Especially if Chinese nuclear R&D advocates get their way, market pressures could paradoxically result in a decision to accelerate deployment of reprocessing plants and fast reactors—even if uranium is cheap and fast reactors are expensive—because the future political decisionmaking environment in China will be expected to become increasingly adverse toward these investments. One senior Chinese R&D scientist in 2016 said, “We need to close the fuel cycle now because as time goes by, it will become more and more difficult to do it, and in a few years the window will close.”³⁴⁹ The prospect that the forces of globalization and corporatization might eventually prevent China from realizing its closed fuel cycle vision was echoed in 2014 by a high-level U.S. government official who had been discussing bilateral cooperation with Chinese counterparts: “The more meetings we have, the more it seems that their nuclear program in a few years could look like ours”—firmly focused on PWRs and with little appetite inside corporate boardrooms and government agencies for assuming additional technological or project risk.

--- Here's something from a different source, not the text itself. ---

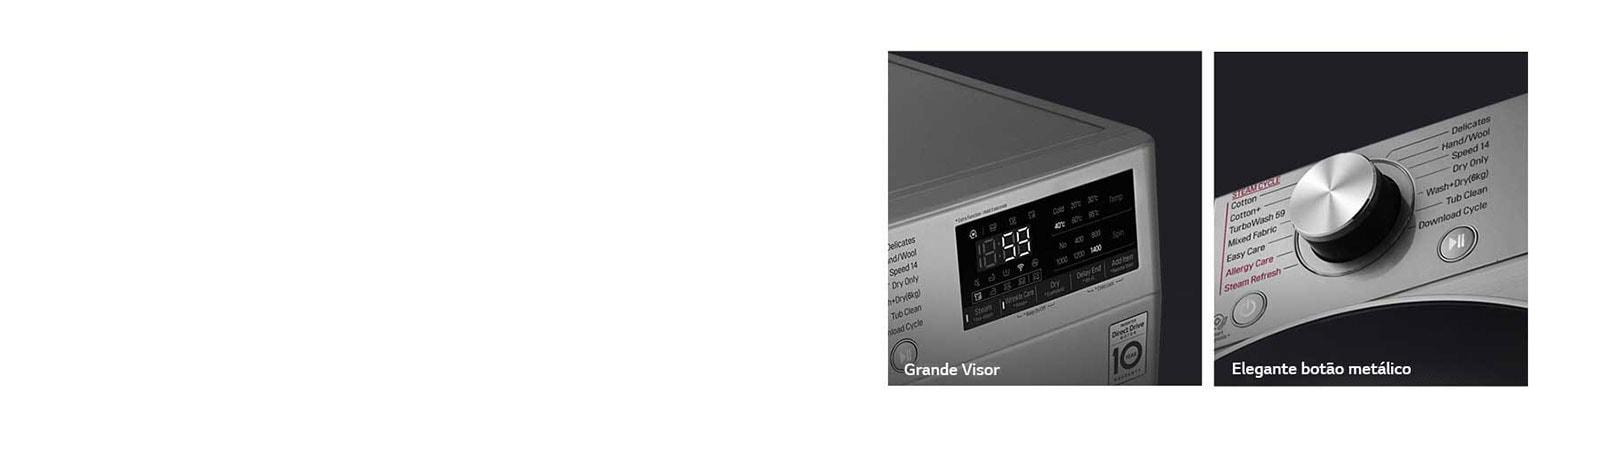 WM-Vivace-V700-VC3-White-09-Design-D01_t1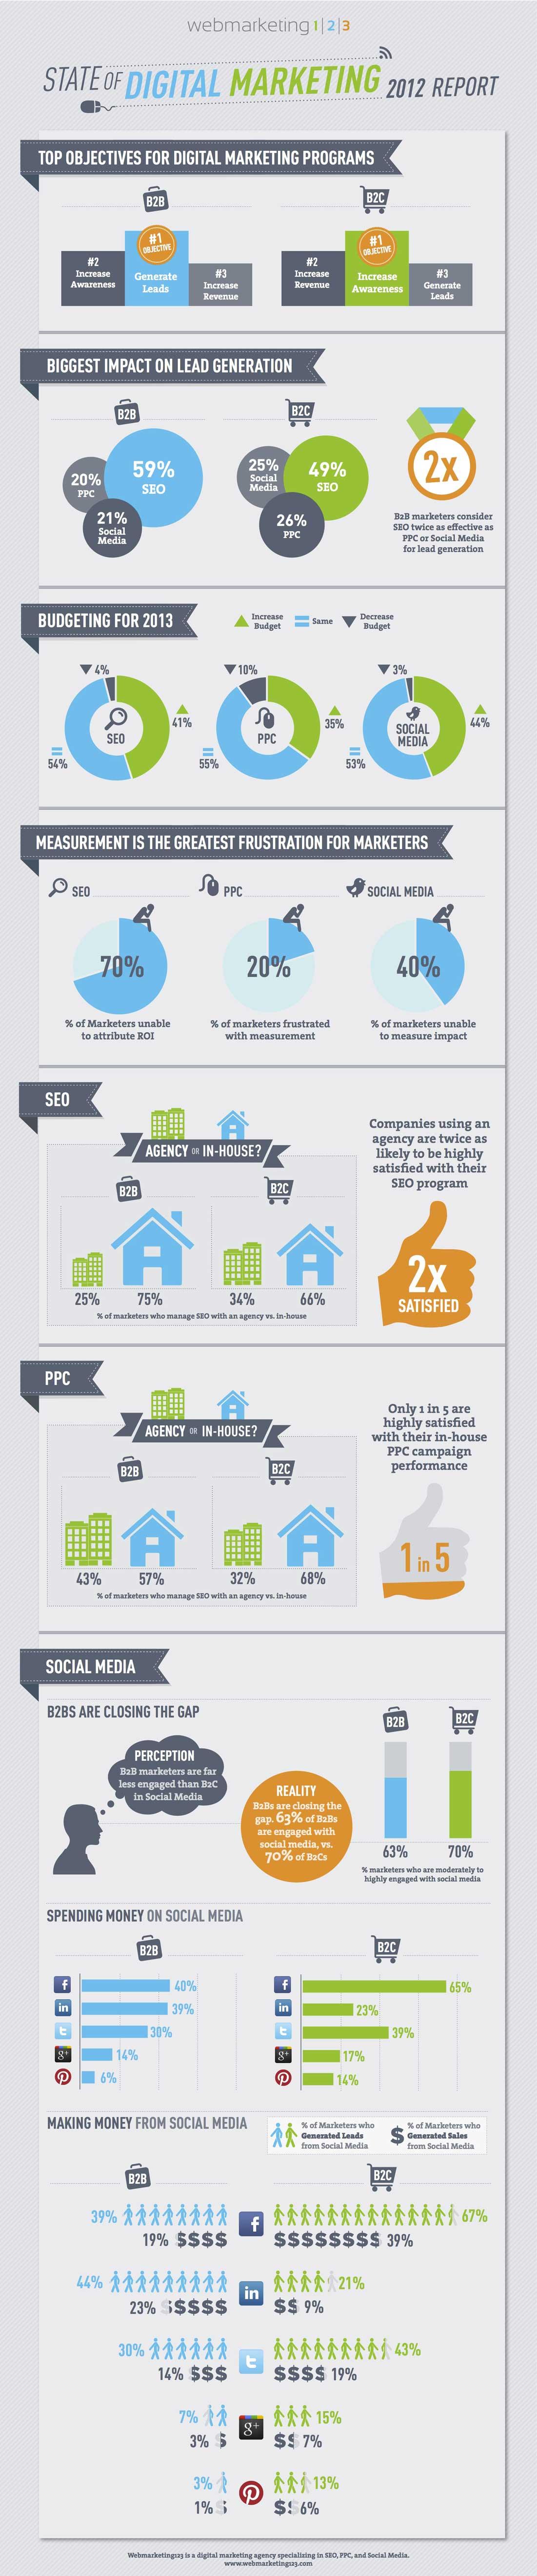 Digital Marketing Report 2012-Infographic

Industry experts from Russia, Western Europe, Japan, and the United States attending Carnegie workshops concurred that the cost of setting up facilities for a closed industrial nuclear fuel cycle will be daunting and, said one, “that cannot be left to the market.” In Western countries and Japan today, these experts said, it would be unthinkable that a nuclear power plant owner-operator would on its own make an investment in a fast reactor and associated fuel cycle installations for the purpose of generating electricity. In China’s far more strategic calculus, economics may not be a show-stopper, but stranded investments must be a concern and decisionmakers may seek a solution that permits China in the short term to continue to advance and protect its nuclear fuel cycle know-how while avoiding making hasty commitments to technologies that may become obsolescent. “Without a clear roadmap [for] future fast reactor technology, a reprocessing plant based on PUREX could prove to be a wasted investment depending on what else comes along.”³⁵⁰

For China, the ultimate consequence of hedging on its future nuclear fuel cycle investments would be to accept the possibility that its fundamental assumption—that China will need nuclear power for hundreds of years—may be wrong. As one French government nuclear official familiar with China’s nuclear fuel cycle program put it in September 2017: “If in a decade or two there is a revolution in electricity storage technology, then by 2050 all our power will come from renewables and batteries.” Should such logic prevail in light of great uncertainty about future technology development, China’s forthcoming decisions now through the 2020s about a closed nuclear fuel cycle might not be yes or a no. Instead, and despite the risks that some know-how and industrial capacity might be lost, China might elect to pursue a deeper and more extended R&D program, including on fast reactor development and reprocessing technology, that extends beyond 2030. “If China spends its money doing 15–20 years of nuclear fuel cycle R&D, it will learn more things.”³⁵¹ In two decades, the prospects for fusion energy, advanced fission energy fuel technologies, key non-nuclear technologies, and, more generally, the global risk profile and economic environment for nuclear power, may be more confidently assessed than today.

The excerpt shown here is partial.